1. Establish an altar
Create and adorn a dedicated sacred space where the energy of your Beloved can reside. Perhaps add an image or form that reminds you of the divine and inspires you. Your altar is a place to meditate regularly, where you can always come to be in a relationship with a higher power.
2. Sing or say the names of the divine
Saying, chanting, or singing the names of God as devotional practice shows up all over the world - from Benedictine monks to dreadlocked rishis in the Himalayas. Repeating mantras on a mala as meditation, praying the rosary, or singing the names of God is a beautiful way to connect to our Beloved Divine.
Singing, chanting, praying, or playing an instrument, all help raise your vibration. Whether a traditional kirtan song, a church hymnal, or a folk song, choose a tune that moves something in your heart. You don’t have to sing well. Let the feelings well up. It does not matter what it sounds like, all that matters is the emotional quality, the bhavana. Get out of your thoughts and step into your feelings. My shower has received a lot of divine vibration over the years in the form of devotional shower singing!
Rather learn how in a group? Look for a local kirtan - simple call and response singing. Or join me on retreat in Bhutan or Greece to lift our voices together. Sing in the car or join a church choir. There are many ways to sing love songs to God.
3. Make offerings
Offer the best of what you have: fruits, flowers, food, incense, and candles to God, either on your altar or out in nature. Puja, a ceremony of offering to the divine, can be as simple as lighting a candle or pouring water over a stone. Make your offerings with love and intentional care, giving a treasured gift to your Beloved. If your offering is edible, you can eat the leftovers afterward and draw the raised vibration into your body as a yummy bonus.
4. Pray
Whether sitting down at your altar, before you fall asleep, or any old time of day, try out old-fashioned prayer. The world over, talking to a higher power is one of the most time-tested traditions of bhakti. Praying is one of the most straightforward ways of entering into a relationship with your Beloved.
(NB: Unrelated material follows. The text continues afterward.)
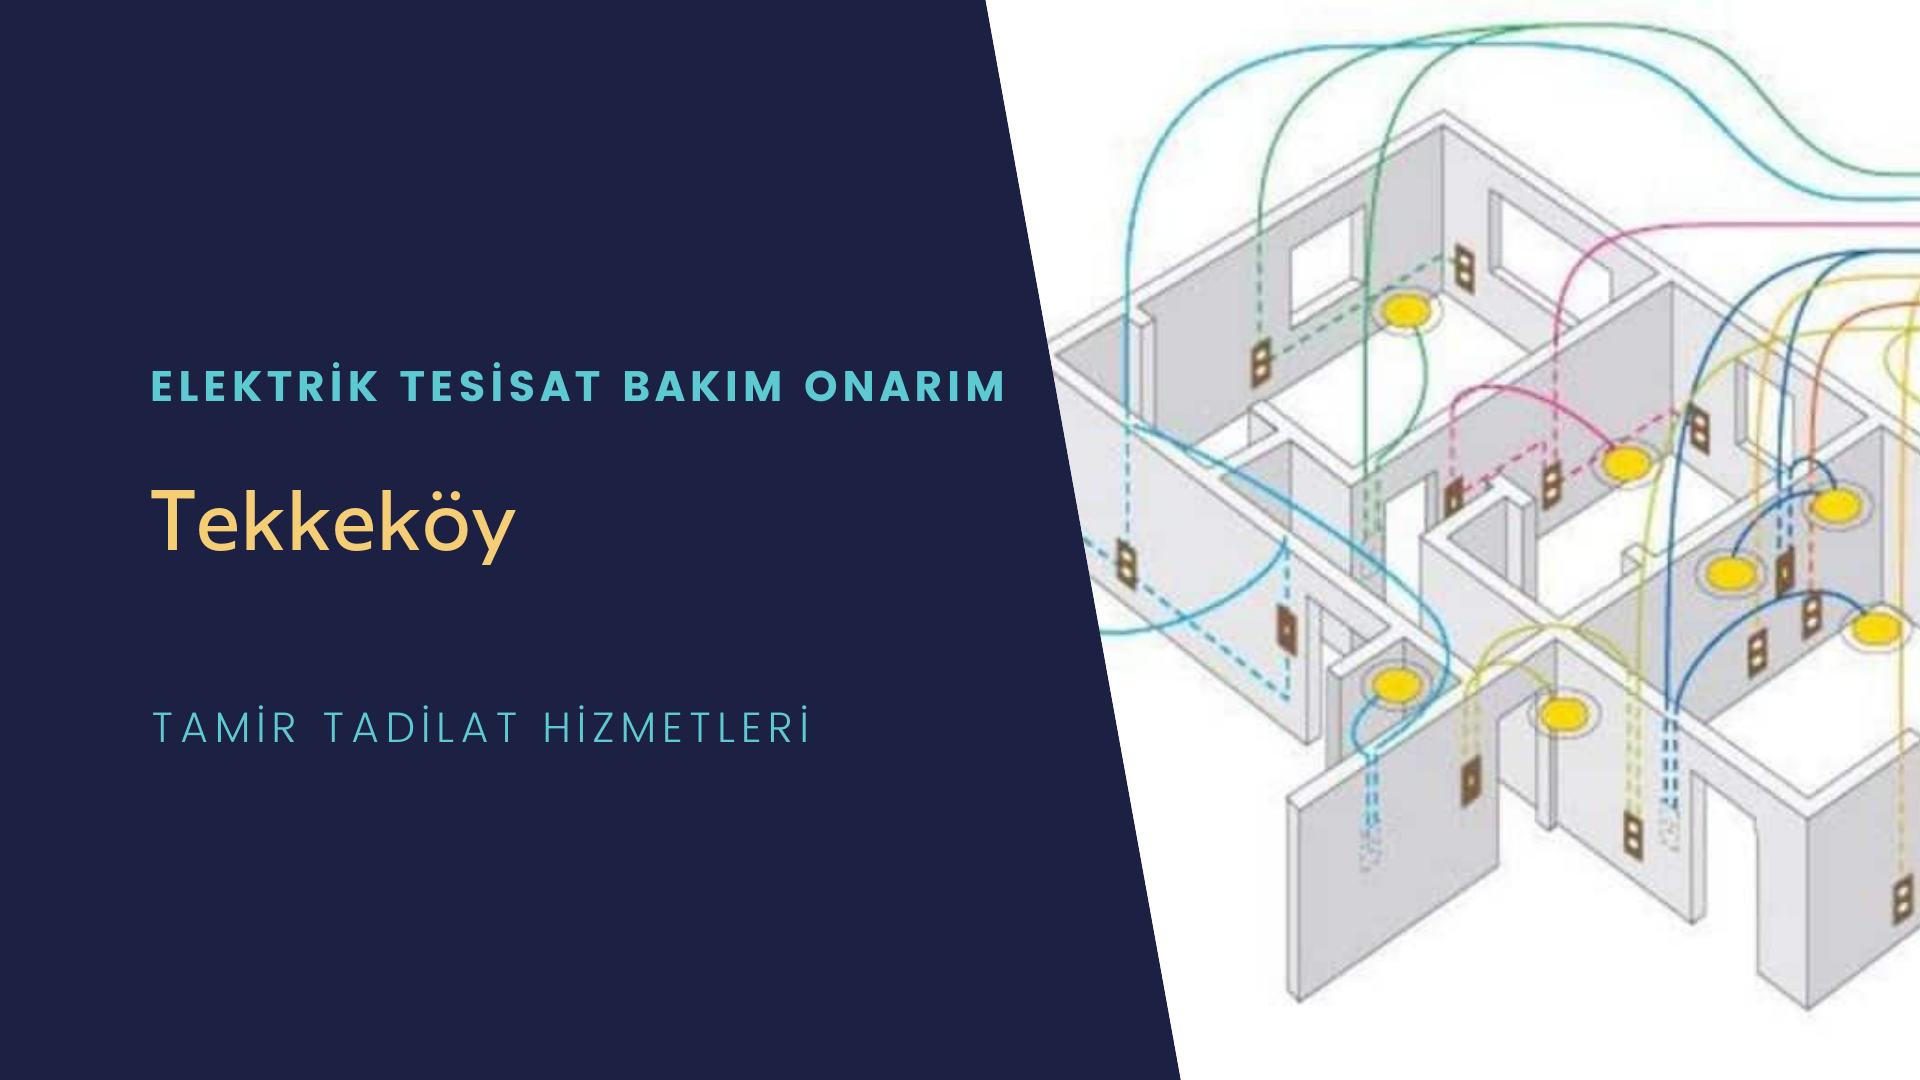 Tekkeköy'de elektrik tesisatı ustalarımı arıyorsunuz doğru adrestenizi Tekkeköy elektrik tesisatı ustalarımız 7/24 sizlere hizmet vermekten mutluluk duyar.

5. Bless your food or say grace
Make a regular practice of taking a few deep breaths and sending out a prayer of thanks for the abundance before you. Eat every meal in the spirit of joy and gratitude.
6. Nature as a spiritual experience
Go into wild places and hold reverence in your heart for the beauty and splendor of creation. Focus on your feelings of awe and wonder. Let the feelings grow. Seek those landscapes and terrains that have always inspired you. For me, it is in the mountains, the high places. It could be a deep, lush forest or even the sky that lies open above you. Spend time there. Meditate there. Let it fill you up.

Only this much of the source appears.